Following receipt of that letter, Mr Moody paid the £50 ground rent, but disputed the administration charge, asking the agent to explain how his obligation to pay that charge was said to arise. The agents relied upon Clause 4.1 amongst other provisions, and then returned Mr Moody’s cheque for the ground rent, contending the balance due was £100. Further rent fell due, and Mr Moody tendered payment of it. His cheque was returned on grounds he had not paid the full sum, and a further administration charge of £150 was later added for instructing solicitors to recover the outstanding charges and the solicitors themselves made a charge of £180.

Mr Moody applied to the FTT for a determination under para 5(1) of Part 1 of Sch. 11 to the CLRA 2002 of his liability to pay and the reasonableness of the charges. The sole dispute before the FTT concerned the administration charges as the appellant had accepted the payment of the outstanding ground rent of £100.

First instance

The First-tier Tribunal held that:

  • the appellant was not entitled to levy an administration charge for the late payment of rent in reliance on Clause 4.1 because: (a) looking at the lease as a whole, if the landlord had intended to be able to levy an administration charge for late payment of ground rent, it would have included such a provision in the Eighth Schedule; and (b) the words “indemnify the Lessor against all actions proceedings costs claims and demands” in Clause 4.1 had to be construed ejusdem generis and that this clause was designed to protect the lessor from claims made against it, that it was defensive in nature and was not intended to apply to situations where the Lessor took the initiative and instigated action against the Lessee.
  • the appellant was ordered to reimburse the fee of £65, which Mr Moody had incurred in making his application.


The issues on appeal were:

  • whether the FTT was right to find Clause 4.1 did not entitle the appellant to recover the administration charges including the £50 charge for sending the final demand letter; and
  • whether the appellant was required to reimburse to Mr Moody the application fee of £65.

Decision on appeal

In dismissing the appeal, the Upper Tribunal held:

  • The FTT came to the right conclusion and Clause 4.1 does not enable the appellant to levy an administration charge or to recoup the costs of its own solicitors in preparing to enforce the respondent’s obligation to pay ground rent:

“Clause 4.1 is a covenant of indemnity intended to protect the lessor against the adverse consequences of a breach by the lessee of its obligations to the lessor.

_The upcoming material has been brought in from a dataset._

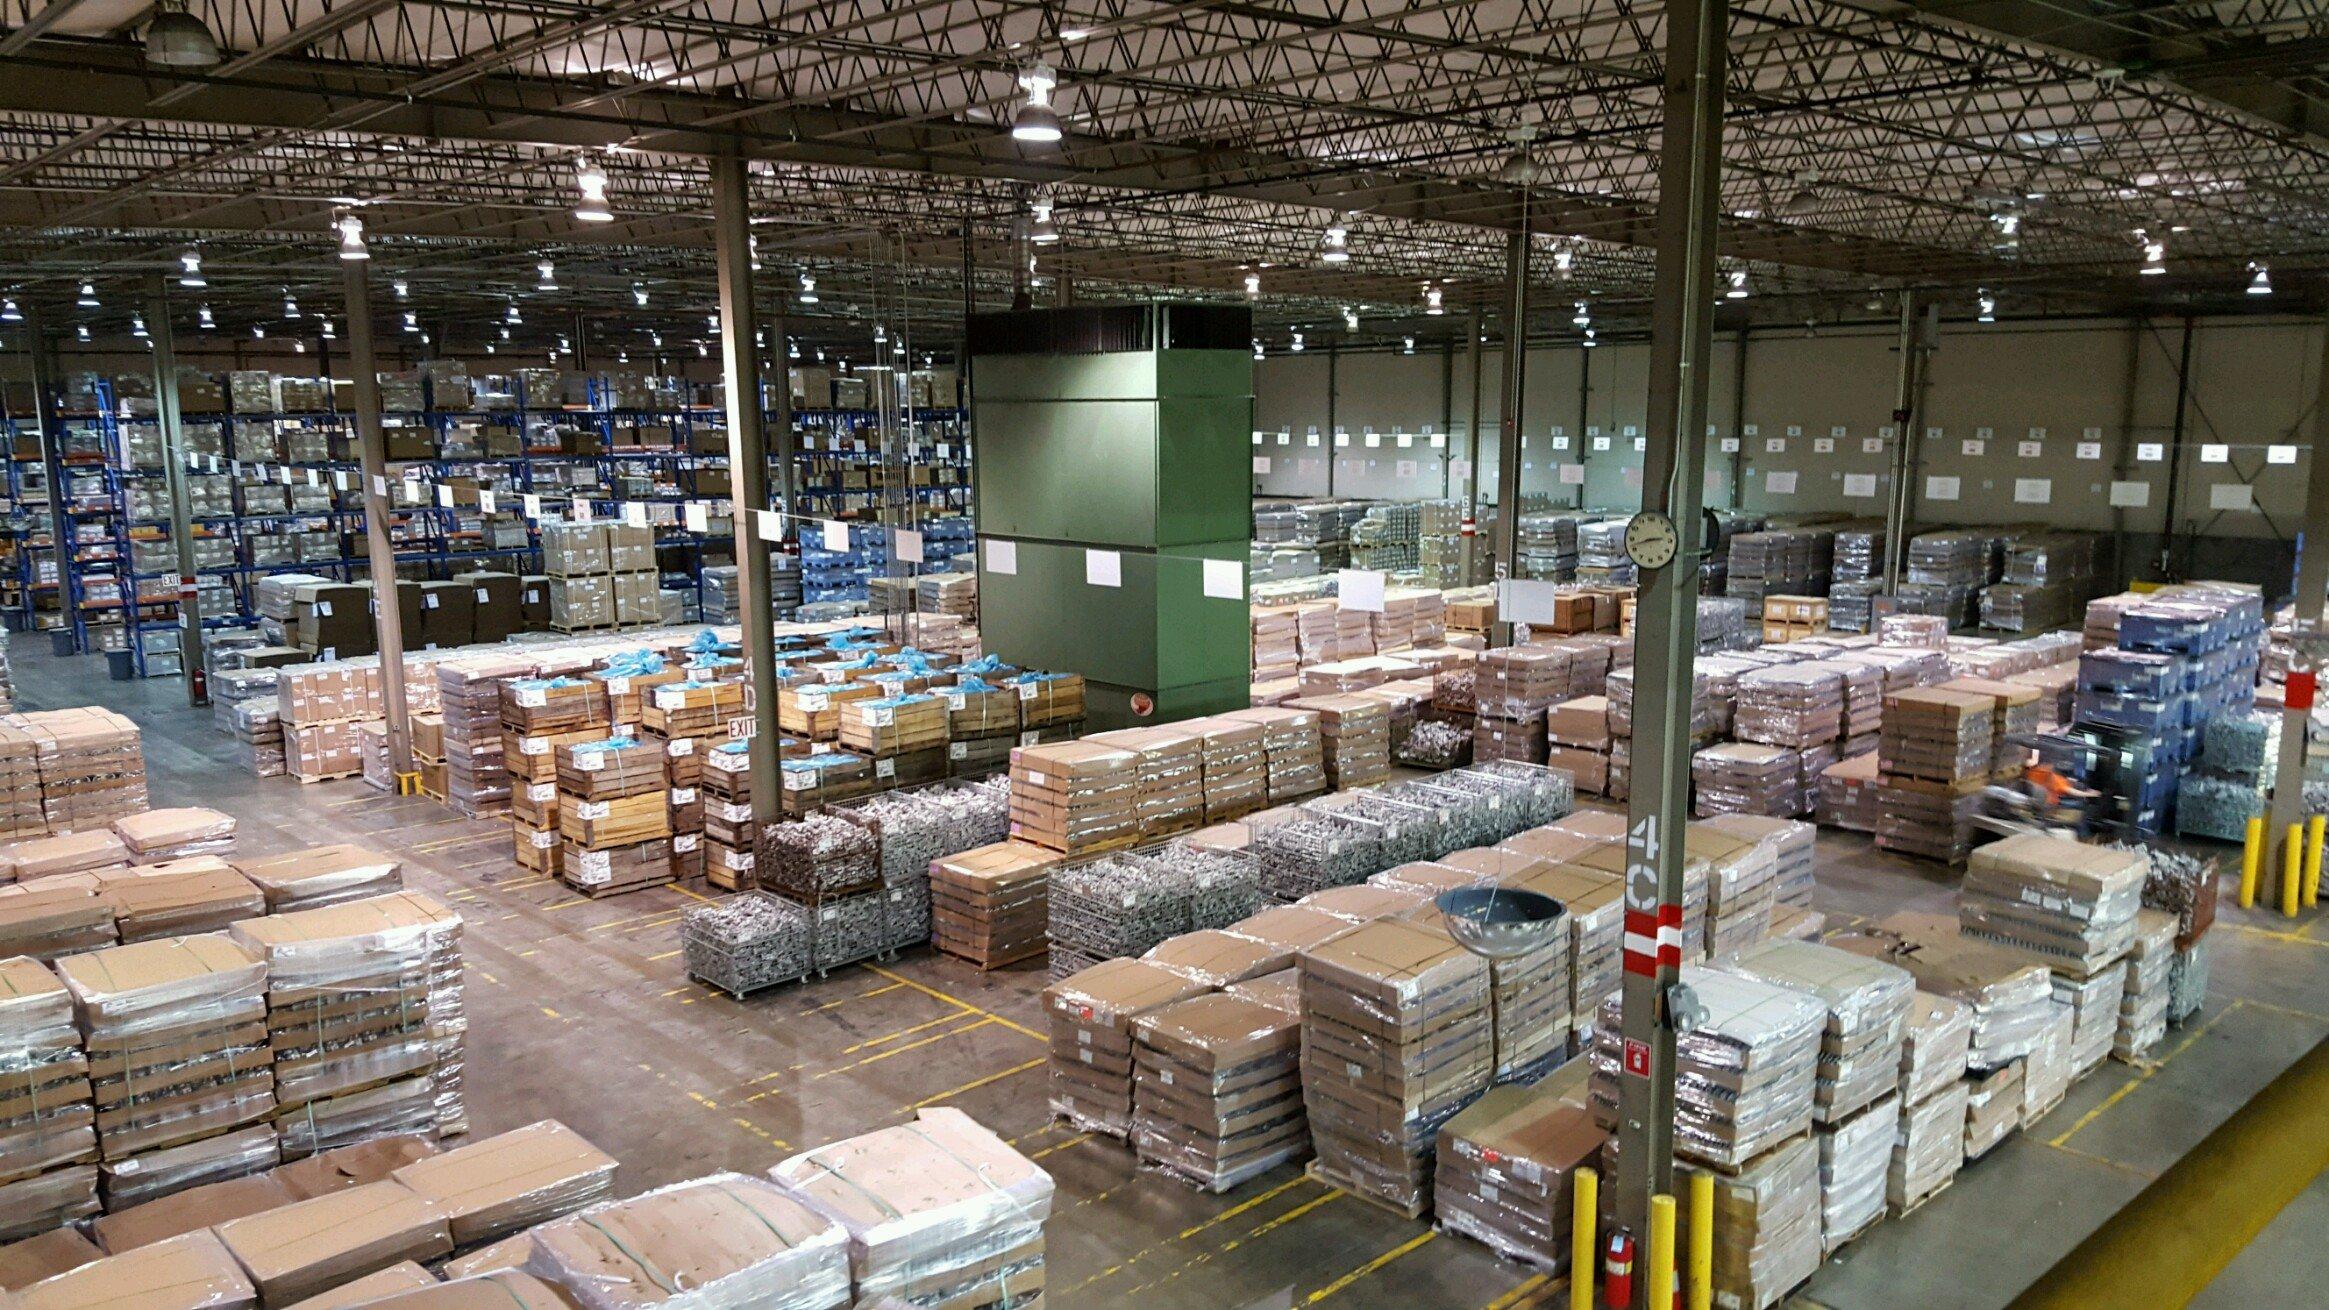 Mattoon Warehouse .IMG_20160225_191602.jpg

…The question in any case where it is sought to rely on such a covenant is whether the lessor has come under an obligation to make a payment to someone else “in respect of” some breach of obligation owed to the lessor by the lessee: has A's breach given rise to B's liability to C? If the lessor has come under such an obligation the covenant requires the lessee to indemnify the lessor against the cost it has incurred in meeting that obligation.

…The “actions, proceedings, costs, claims and demands” against which the lessor is entitled to be indemnified are clearly actions, proceedings, claims and demands made against the lessor, and the addition of “costs” to the list does not convert the lessee's liability into one for any costs which the lessor may incur as a result of taking steps of its own against the lessee. The “costs” in question are of the same type i.e. the costs of a third party as a result of the lessee's breach, for which the third party is entitled to look to the lessor for reimbursement. A covenant of indemnity is not the same as a covenant to reimburse the lessor's own costs incurred in taking steps to enforce the lessee's obligations.”

  • The appellant's second ground of appeal (that it should not have been ordered to reimburse the £65 application fee, because it should have succeeded in the application) must fail as the Upper Tribunal had determined that the FTT reached the correct conclusion on the main issue.